[Given material — start]

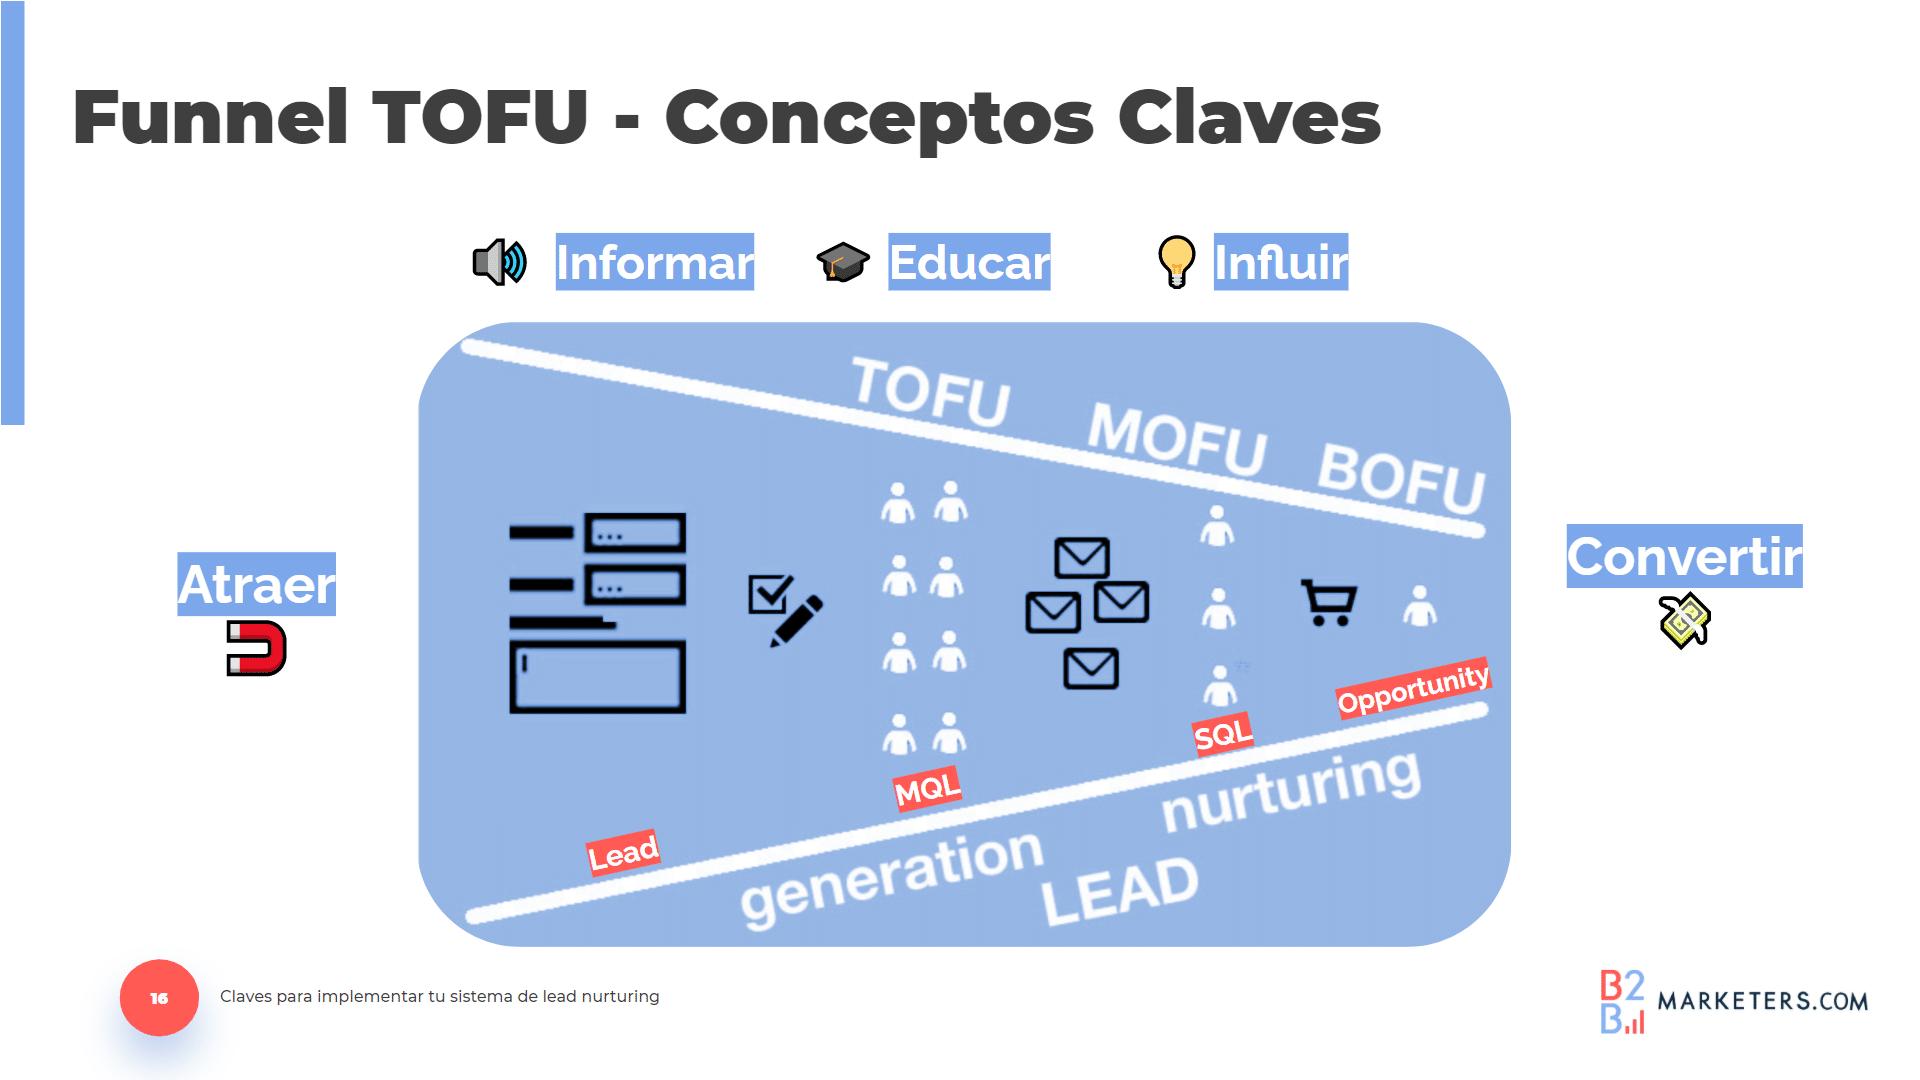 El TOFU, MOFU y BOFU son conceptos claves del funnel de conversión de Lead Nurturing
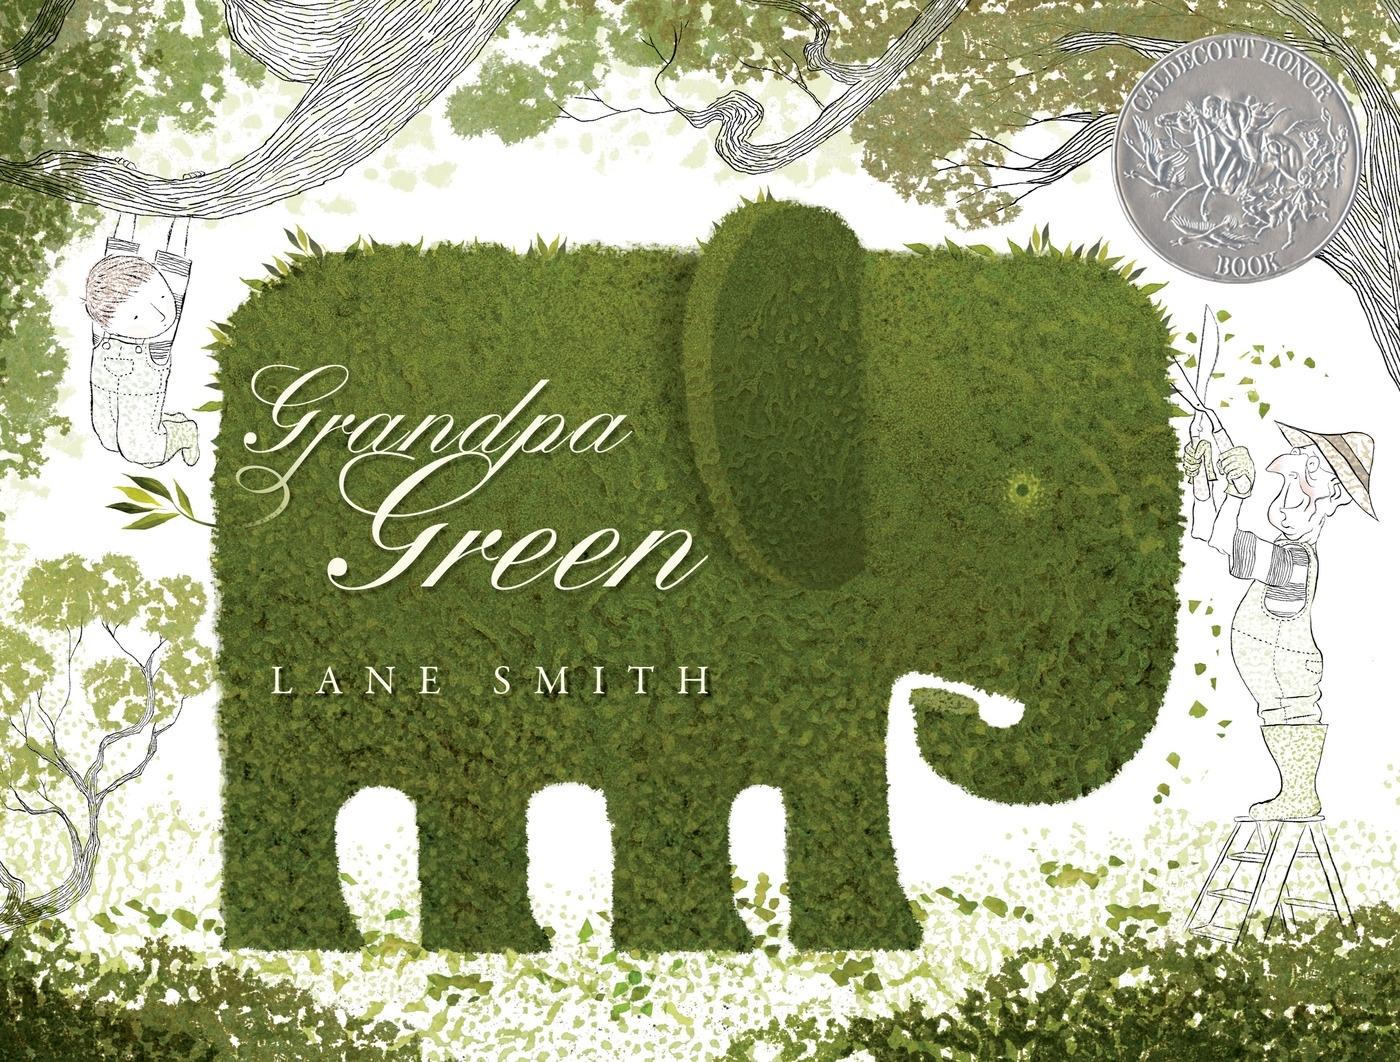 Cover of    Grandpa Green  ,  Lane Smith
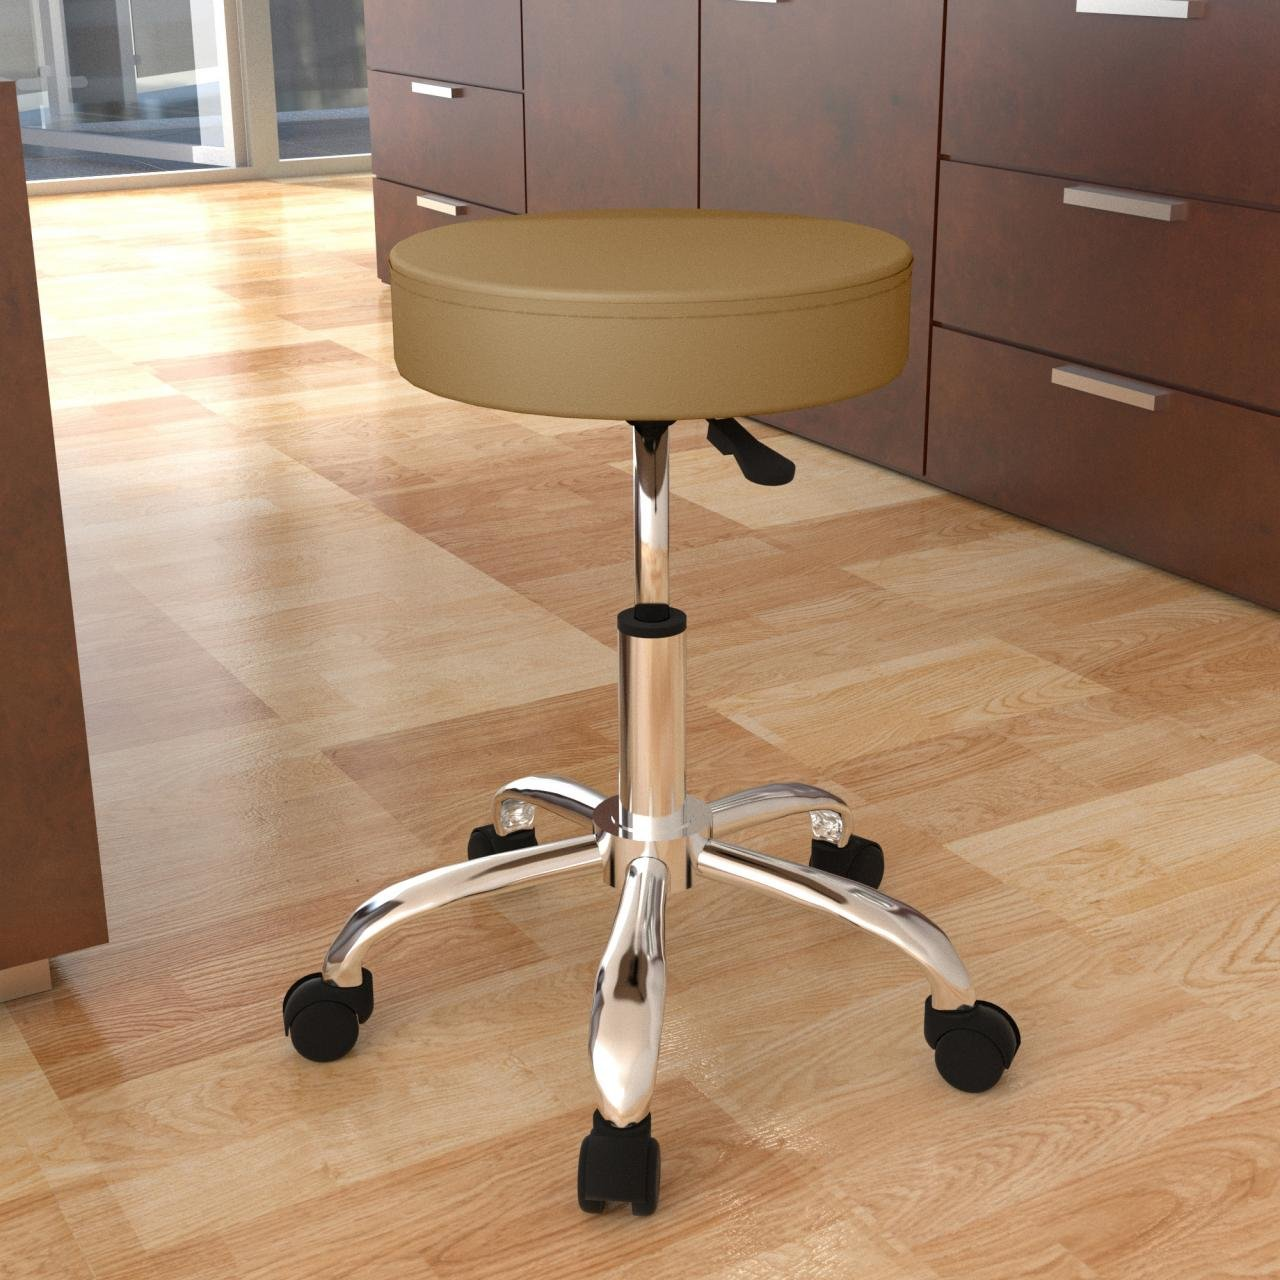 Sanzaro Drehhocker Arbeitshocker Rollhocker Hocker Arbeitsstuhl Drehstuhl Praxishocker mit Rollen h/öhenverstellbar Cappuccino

[Given material — finish]

Retype the listing exactly and drop the pictures.

» **Exercise answer**:
 El TOFU, MOFU y BOFU son conceptos claves del funnel de conversión de Lead Nurturing
 Cover of    Grandpa Green  ,  Lane Smith
 Sanzaro Drehhocker Arbeitshocker Rollhocker Hocker Arbeitsstuhl Drehstuhl Praxishocker mit Rollen h/öhenverstellbar Cappuccino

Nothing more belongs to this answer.